Dataset entries ▸
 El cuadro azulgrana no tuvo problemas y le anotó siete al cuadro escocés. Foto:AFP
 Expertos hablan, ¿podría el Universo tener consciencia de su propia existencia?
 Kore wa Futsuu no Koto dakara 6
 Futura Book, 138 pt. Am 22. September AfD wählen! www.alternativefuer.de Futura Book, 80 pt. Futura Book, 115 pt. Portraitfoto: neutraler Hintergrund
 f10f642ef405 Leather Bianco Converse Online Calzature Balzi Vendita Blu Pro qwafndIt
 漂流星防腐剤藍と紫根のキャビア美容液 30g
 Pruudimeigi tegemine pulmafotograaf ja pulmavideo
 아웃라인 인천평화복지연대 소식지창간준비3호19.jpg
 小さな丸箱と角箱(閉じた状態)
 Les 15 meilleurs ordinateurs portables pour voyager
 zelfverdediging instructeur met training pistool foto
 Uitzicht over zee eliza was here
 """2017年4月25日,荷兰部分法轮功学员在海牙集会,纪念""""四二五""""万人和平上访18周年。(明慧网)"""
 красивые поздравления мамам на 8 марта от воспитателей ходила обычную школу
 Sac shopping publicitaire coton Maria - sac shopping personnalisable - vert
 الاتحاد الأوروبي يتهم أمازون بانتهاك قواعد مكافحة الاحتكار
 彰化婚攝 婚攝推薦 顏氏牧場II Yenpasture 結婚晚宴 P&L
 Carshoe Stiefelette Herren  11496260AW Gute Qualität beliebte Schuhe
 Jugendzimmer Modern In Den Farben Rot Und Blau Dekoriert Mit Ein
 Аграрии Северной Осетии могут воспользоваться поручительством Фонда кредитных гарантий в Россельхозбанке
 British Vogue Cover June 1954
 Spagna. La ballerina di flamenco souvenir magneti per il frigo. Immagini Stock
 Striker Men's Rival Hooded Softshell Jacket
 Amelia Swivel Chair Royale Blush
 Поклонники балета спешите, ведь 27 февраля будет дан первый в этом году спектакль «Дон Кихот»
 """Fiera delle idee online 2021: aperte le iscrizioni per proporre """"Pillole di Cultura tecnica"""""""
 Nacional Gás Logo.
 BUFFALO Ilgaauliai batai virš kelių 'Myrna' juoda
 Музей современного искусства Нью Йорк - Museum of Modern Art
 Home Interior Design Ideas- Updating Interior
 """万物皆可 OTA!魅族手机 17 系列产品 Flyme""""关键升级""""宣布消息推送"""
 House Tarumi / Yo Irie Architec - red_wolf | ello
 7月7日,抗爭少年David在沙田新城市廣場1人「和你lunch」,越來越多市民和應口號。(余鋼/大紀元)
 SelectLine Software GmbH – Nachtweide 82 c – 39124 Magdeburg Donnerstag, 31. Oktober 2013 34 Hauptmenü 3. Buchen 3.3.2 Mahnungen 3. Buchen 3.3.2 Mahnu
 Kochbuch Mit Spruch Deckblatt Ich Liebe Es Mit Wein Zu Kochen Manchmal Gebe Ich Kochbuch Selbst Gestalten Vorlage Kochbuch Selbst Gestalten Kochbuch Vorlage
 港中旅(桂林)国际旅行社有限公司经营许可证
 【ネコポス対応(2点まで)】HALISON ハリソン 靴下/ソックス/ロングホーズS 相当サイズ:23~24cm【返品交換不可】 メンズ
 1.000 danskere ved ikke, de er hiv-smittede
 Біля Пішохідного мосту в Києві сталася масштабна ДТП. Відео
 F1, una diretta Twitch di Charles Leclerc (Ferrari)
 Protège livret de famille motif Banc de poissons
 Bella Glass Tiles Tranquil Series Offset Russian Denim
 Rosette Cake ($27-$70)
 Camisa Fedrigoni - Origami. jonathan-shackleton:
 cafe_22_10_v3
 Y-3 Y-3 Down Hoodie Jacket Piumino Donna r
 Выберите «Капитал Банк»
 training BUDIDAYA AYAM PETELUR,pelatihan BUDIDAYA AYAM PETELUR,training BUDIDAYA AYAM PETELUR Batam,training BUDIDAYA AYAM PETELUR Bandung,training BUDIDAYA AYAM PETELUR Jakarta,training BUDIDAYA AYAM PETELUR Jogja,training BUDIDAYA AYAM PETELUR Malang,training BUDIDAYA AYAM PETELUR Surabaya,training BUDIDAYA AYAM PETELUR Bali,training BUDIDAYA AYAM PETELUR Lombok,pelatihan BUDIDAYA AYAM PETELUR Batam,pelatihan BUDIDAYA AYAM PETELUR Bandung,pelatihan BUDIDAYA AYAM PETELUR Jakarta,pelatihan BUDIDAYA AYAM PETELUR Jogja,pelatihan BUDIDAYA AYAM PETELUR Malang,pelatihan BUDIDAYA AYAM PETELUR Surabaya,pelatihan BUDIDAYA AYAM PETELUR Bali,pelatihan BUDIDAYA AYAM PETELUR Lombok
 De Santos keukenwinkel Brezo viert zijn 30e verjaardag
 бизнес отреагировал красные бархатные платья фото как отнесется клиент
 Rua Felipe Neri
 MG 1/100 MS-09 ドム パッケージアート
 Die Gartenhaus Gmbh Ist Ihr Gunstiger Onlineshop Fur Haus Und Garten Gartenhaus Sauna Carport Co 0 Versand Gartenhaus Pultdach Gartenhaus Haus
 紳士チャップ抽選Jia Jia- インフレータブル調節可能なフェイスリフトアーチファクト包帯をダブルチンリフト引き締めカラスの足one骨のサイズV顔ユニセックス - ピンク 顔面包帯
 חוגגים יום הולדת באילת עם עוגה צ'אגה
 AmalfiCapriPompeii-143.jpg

Requirement ▸
Print every line of the records above without a single difference.

Solution to the problem ▸
 El cuadro azulgrana no tuvo problemas y le anotó siete al cuadro escocés. Foto:AFP
 Expertos hablan, ¿podría el Universo tener consciencia de su propia existencia?
 Kore wa Futsuu no Koto dakara 6
 Futura Book, 138 pt. Am 22. September AfD wählen! www.alternativefuer.de Futura Book, 80 pt. Futura Book, 115 pt. Portraitfoto: neutraler Hintergrund
 f10f642ef405 Leather Bianco Converse Online Calzature Balzi Vendita Blu Pro qwafndIt
 漂流星防腐剤藍と紫根のキャビア美容液 30g
 Pruudimeigi tegemine pulmafotograaf ja pulmavideo
 아웃라인 인천평화복지연대 소식지창간준비3호19.jpg
 小さな丸箱と角箱(閉じた状態)
 Les 15 meilleurs ordinateurs portables pour voyager
 zelfverdediging instructeur met training pistool foto
 Uitzicht over zee eliza was here
 """2017年4月25日,荷兰部分法轮功学员在海牙集会,纪念""""四二五""""万人和平上访18周年。(明慧网)"""
 красивые поздравления мамам на 8 марта от воспитателей ходила обычную школу
 Sac shopping publicitaire coton Maria - sac shopping personnalisable - vert
 الاتحاد الأوروبي يتهم أمازون بانتهاك قواعد مكافحة الاحتكار
 彰化婚攝 婚攝推薦 顏氏牧場II Yenpasture 結婚晚宴 P&L
 Carshoe Stiefelette Herren  11496260AW Gute Qualität beliebte Schuhe
 Jugendzimmer Modern In Den Farben Rot Und Blau Dekoriert Mit Ein
 Аграрии Северной Осетии могут воспользоваться поручительством Фонда кредитных гарантий в Россельхозбанке
 British Vogue Cover June 1954
 Spagna. La ballerina di flamenco souvenir magneti per il frigo. Immagini Stock
 Striker Men's Rival Hooded Softshell Jacket
 Amelia Swivel Chair Royale Blush
 Поклонники балета спешите, ведь 27 февраля будет дан первый в этом году спектакль «Дон Кихот»
 """Fiera delle idee online 2021: aperte le iscrizioni per proporre """"Pillole di Cultura tecnica"""""""
 Nacional Gás Logo.
 BUFFALO Ilgaauliai batai virš kelių 'Myrna' juoda
 Музей современного искусства Нью Йорк - Museum of Modern Art
 Home Interior Design Ideas- Updating Interior
 """万物皆可 OTA!魅族手机 17 系列产品 Flyme""""关键升级""""宣布消息推送"""
 House Tarumi / Yo Irie Architec - red_wolf | ello
 7月7日,抗爭少年David在沙田新城市廣場1人「和你lunch」,越來越多市民和應口號。(余鋼/大紀元)
 SelectLine Software GmbH – Nachtweide 82 c – 39124 Magdeburg Donnerstag, 31. Oktober 2013 34 Hauptmenü 3. Buchen 3.3.2 Mahnungen 3. Buchen 3.3.2 Mahnu
 Kochbuch Mit Spruch Deckblatt Ich Liebe Es Mit Wein Zu Kochen Manchmal Gebe Ich Kochbuch Selbst Gestalten Vorlage Kochbuch Selbst Gestalten Kochbuch Vorlage
 港中旅(桂林)国际旅行社有限公司经营许可证
 【ネコポス対応(2点まで)】HALISON ハリソン 靴下/ソックス/ロングホーズS 相当サイズ:23~24cm【返品交換不可】 メンズ
 1.000 danskere ved ikke, de er hiv-smittede
 Біля Пішохідного мосту в Києві сталася масштабна ДТП. Відео
 F1, una diretta Twitch di Charles Leclerc (Ferrari)
 Protège livret de famille motif Banc de poissons
 Bella Glass Tiles Tranquil Series Offset Russian Denim
 Rosette Cake ($27-$70)
 Camisa Fedrigoni - Origami. jonathan-shackleton:
 cafe_22_10_v3
 Y-3 Y-3 Down Hoodie Jacket Piumino Donna r
 Выберите «Капитал Банк»
 training BUDIDAYA AYAM PETELUR,pelatihan BUDIDAYA AYAM PETELUR,training BUDIDAYA AYAM PETELUR Batam,training BUDIDAYA AYAM PETELUR Bandung,training BUDIDAYA AYAM PETELUR Jakarta,training BUDIDAYA AYAM PETELUR Jogja,training BUDIDAYA AYAM PETELUR Malang,training BUDIDAYA AYAM PETELUR Surabaya,training BUDIDAYA AYAM PETELUR Bali,training BUDIDAYA AYAM PETELUR Lombok,pelatihan BUDIDAYA AYAM PETELUR Batam,pelatihan BUDIDAYA AYAM PETELUR Bandung,pelatihan BUDIDAYA AYAM PETELUR Jakarta,pelatihan BUDIDAYA AYAM PETELUR Jogja,pelatihan BUDIDAYA AYAM PETELUR Malang,pelatihan BUDIDAYA AYAM PETELUR Surabaya,pelatihan BUDIDAYA AYAM PETELUR Bali,pelatihan BUDIDAYA AYAM PETELUR Lombok
 De Santos keukenwinkel Brezo viert zijn 30e verjaardag
 бизнес отреагировал красные бархатные платья фото как отнесется клиент
 Rua Felipe Neri
 MG 1/100 MS-09 ドム パッケージアート
 Die Gartenhaus Gmbh Ist Ihr Gunstiger Onlineshop Fur Haus Und Garten Gartenhaus Sauna Carport Co 0 Versand Gartenhaus Pultdach Gartenhaus Haus
 紳士チャップ抽選Jia Jia- インフレータブル調節可能なフェイスリフトアーチファクト包帯をダブルチンリフト引き締めカラスの足one骨のサイズV顔ユニセックス - ピンク 顔面包帯
 חוגגים יום הולדת באילת עם עוגה צ'אגה
 AmalfiCapriPompeii-143.jpg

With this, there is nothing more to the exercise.